**Data section**
◆ ◆ ◆
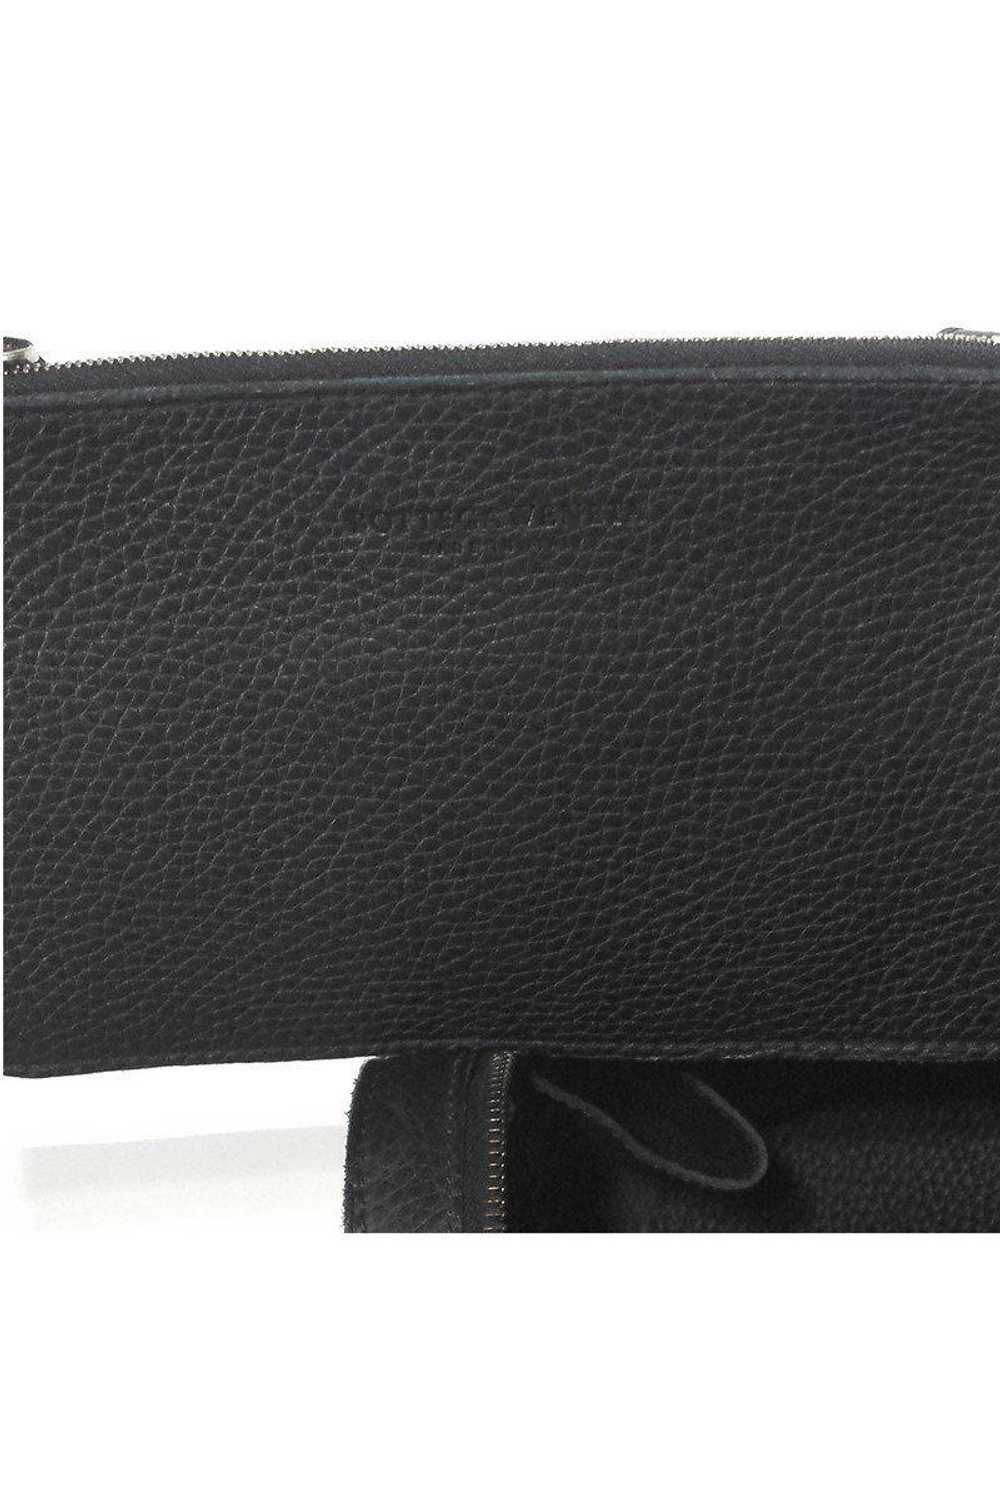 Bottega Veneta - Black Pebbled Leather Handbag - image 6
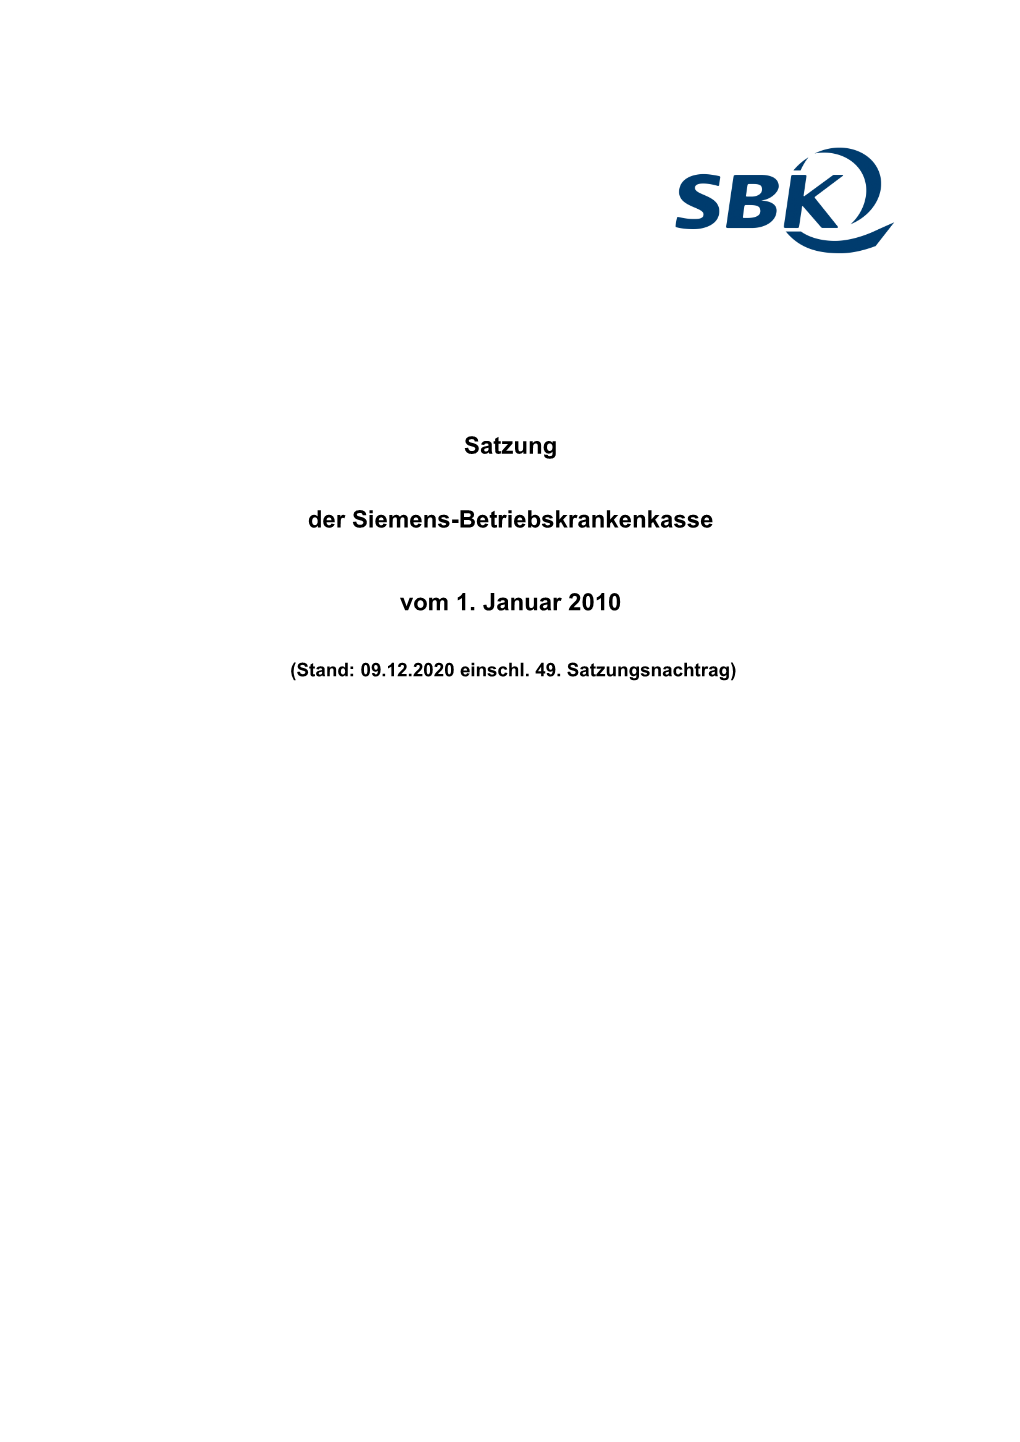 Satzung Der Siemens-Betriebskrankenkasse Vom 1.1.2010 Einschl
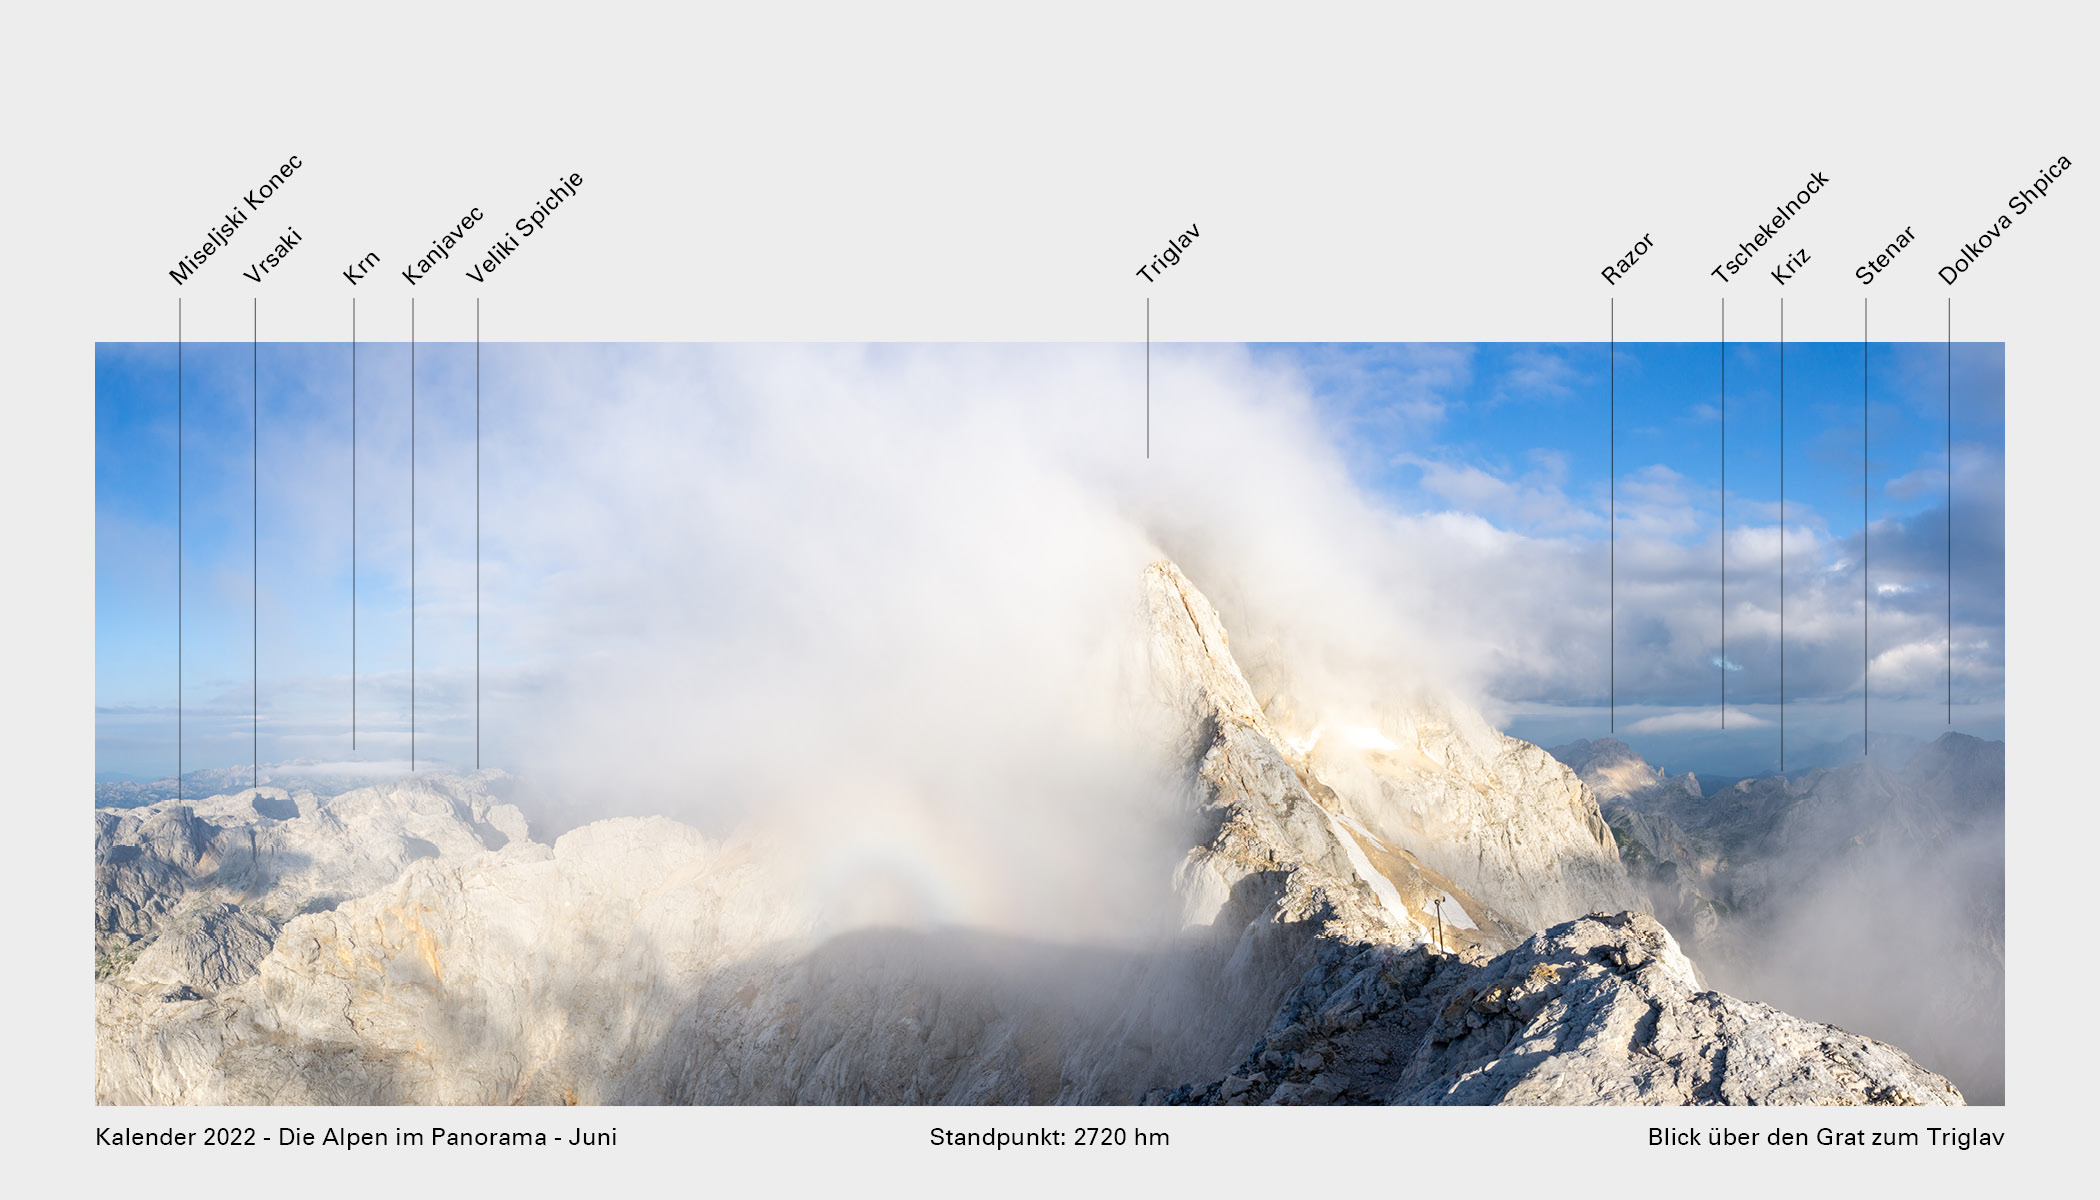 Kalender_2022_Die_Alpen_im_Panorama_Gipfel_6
◆ ◆ ◆
**What you will do**
A word-for-word copy of the listing is the goal; keep every picture out of it.

**Reply**
 Bottega Veneta - Black Pebbled Leather Handbag - image 6
 Satzung Der Siemens-Betriebskrankenkasse Vom 1.1.2010 Einschl
 Kalender_2022_Die_Alpen_im_Panorama_Gipfel_6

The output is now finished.